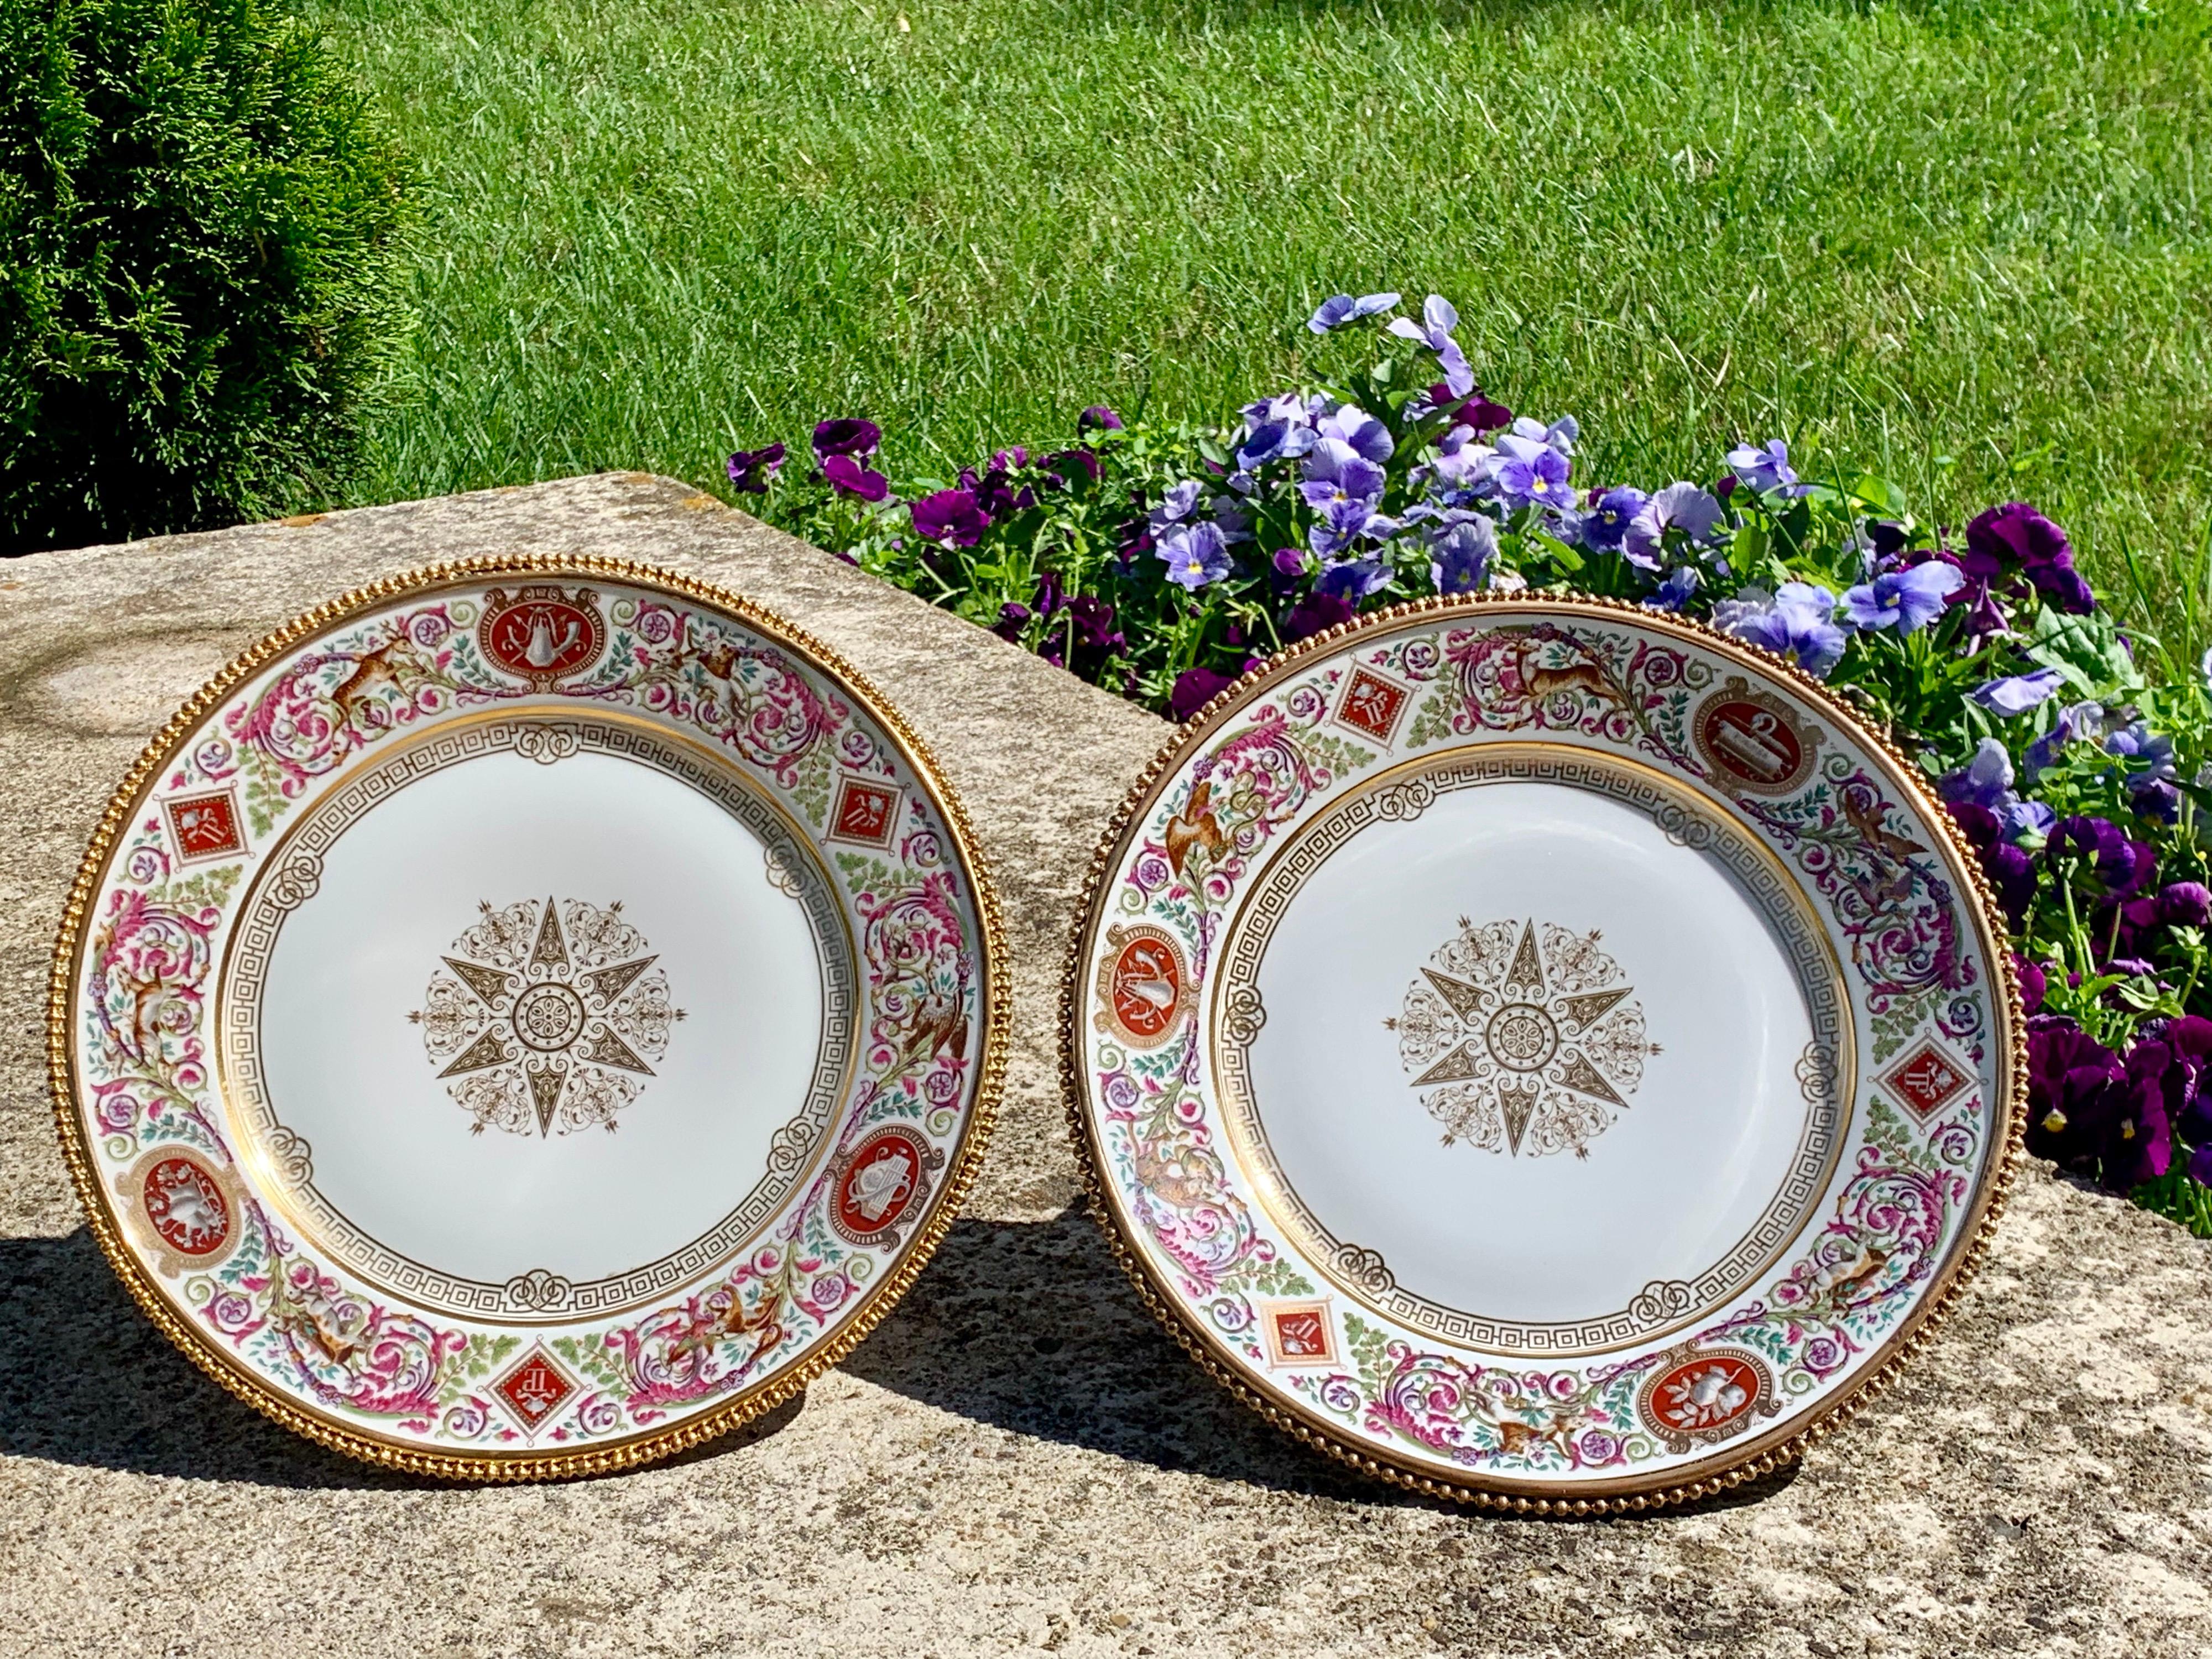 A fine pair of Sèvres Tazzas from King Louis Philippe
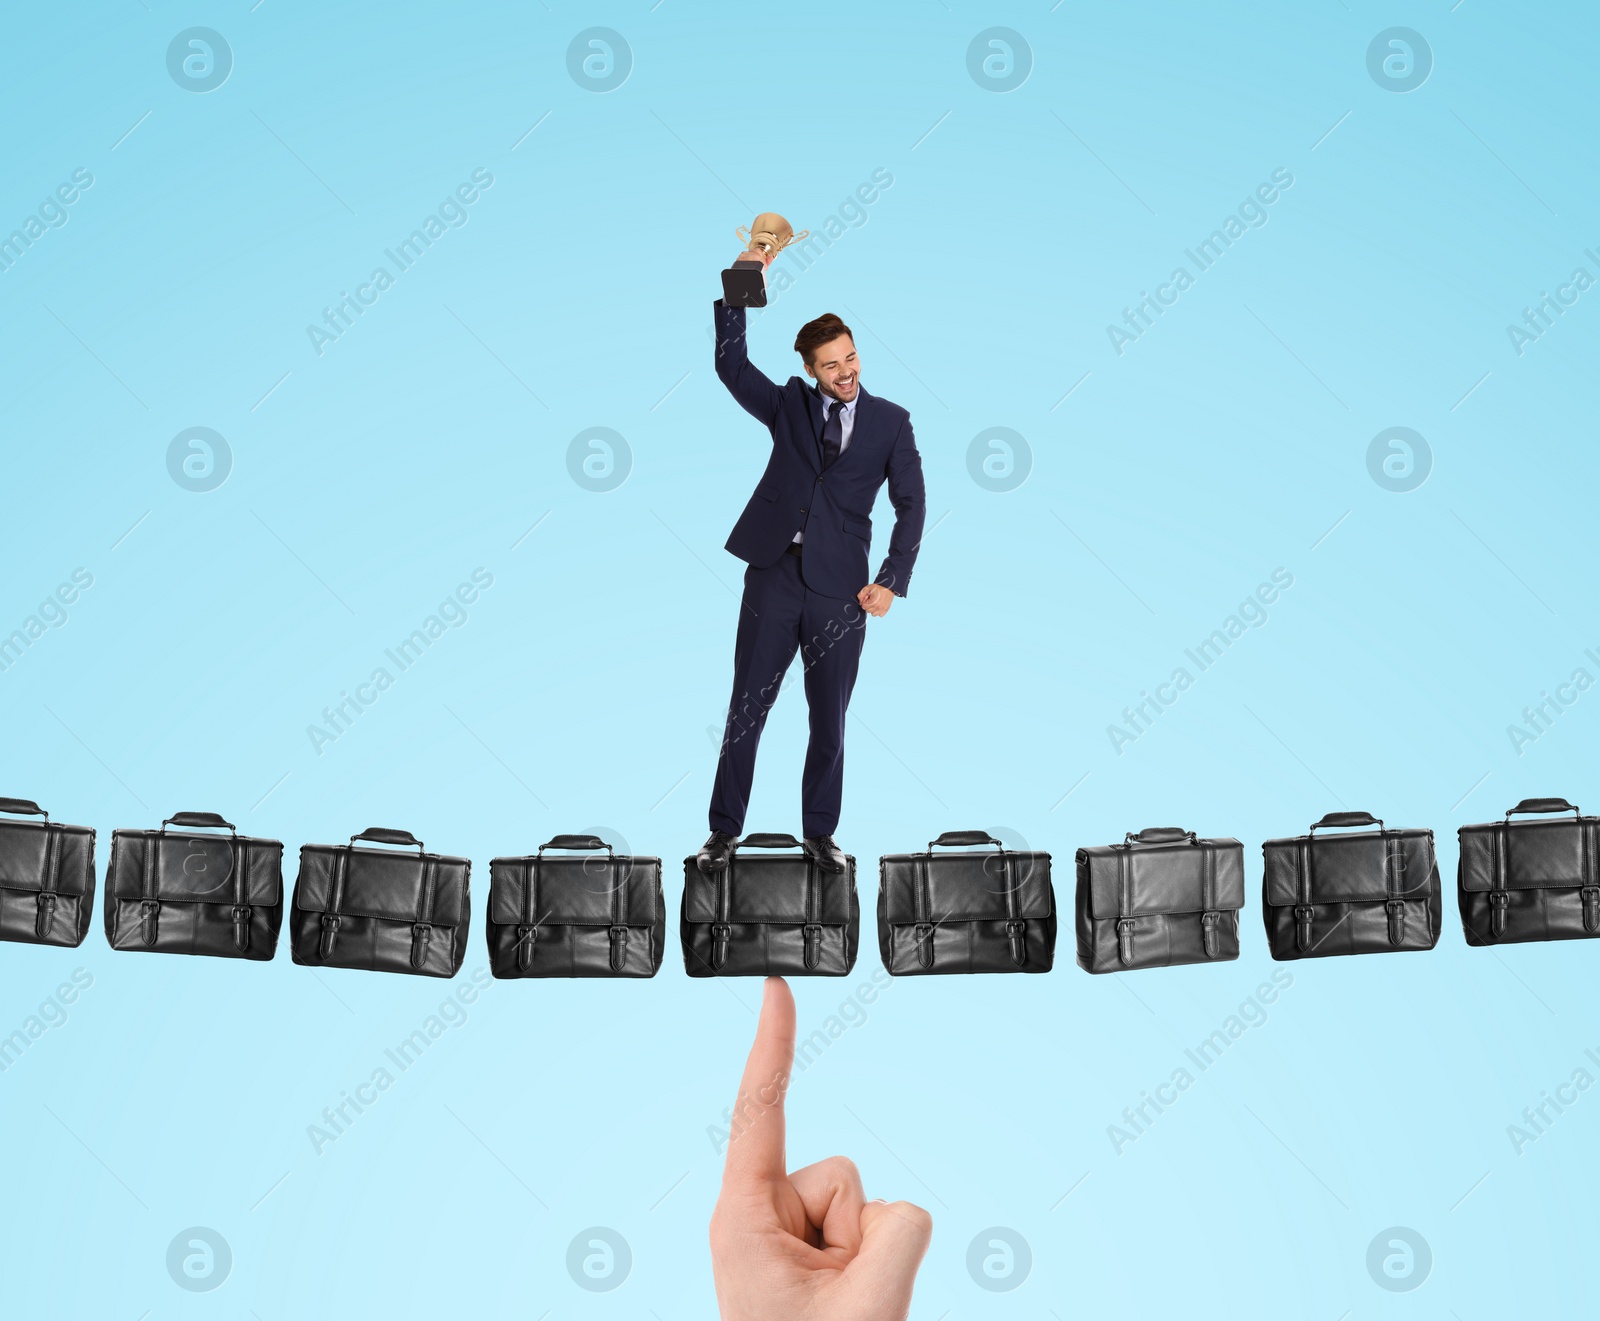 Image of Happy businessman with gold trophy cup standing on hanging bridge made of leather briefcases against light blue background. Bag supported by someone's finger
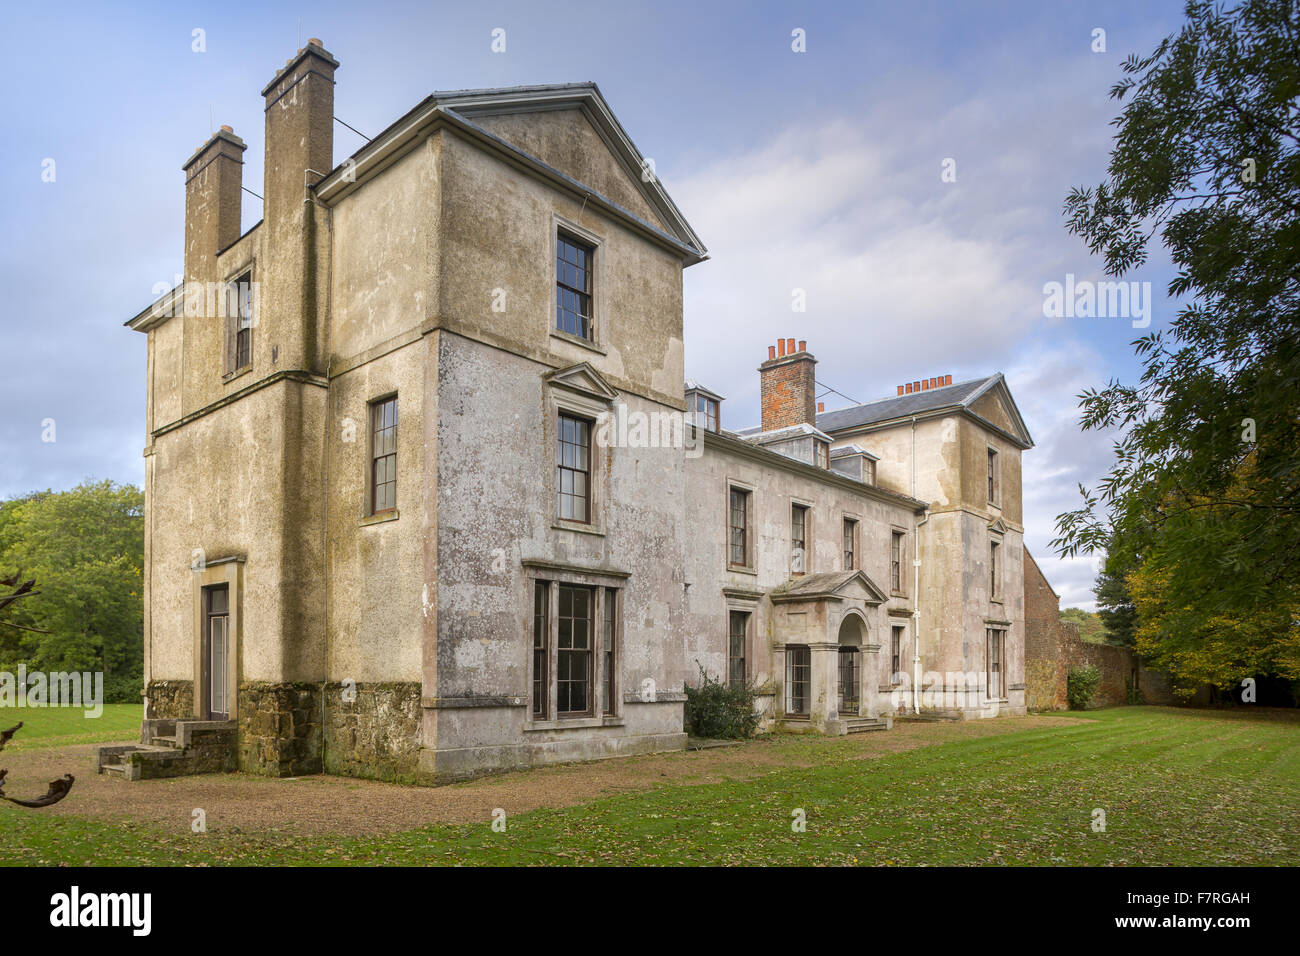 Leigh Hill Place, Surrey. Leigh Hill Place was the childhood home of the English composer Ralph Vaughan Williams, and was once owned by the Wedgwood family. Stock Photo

•••••

▶ **The task**: Please retype the material above exactly, and omit its images.

▶ **Reply to the task**:
 A fine pair of Sèvres Tazzas from King Louis Philippe
 Image of Happy businessman with gold trophy cup standing on hanging bridge made of leather briefcases against light blue background. Bag supported by someone's finger
 Leigh Hill Place, Surrey. Leigh Hill Place was the childhood home of the English composer Ralph Vaughan Williams, and was once owned by the Wedgwood family. Stock Photo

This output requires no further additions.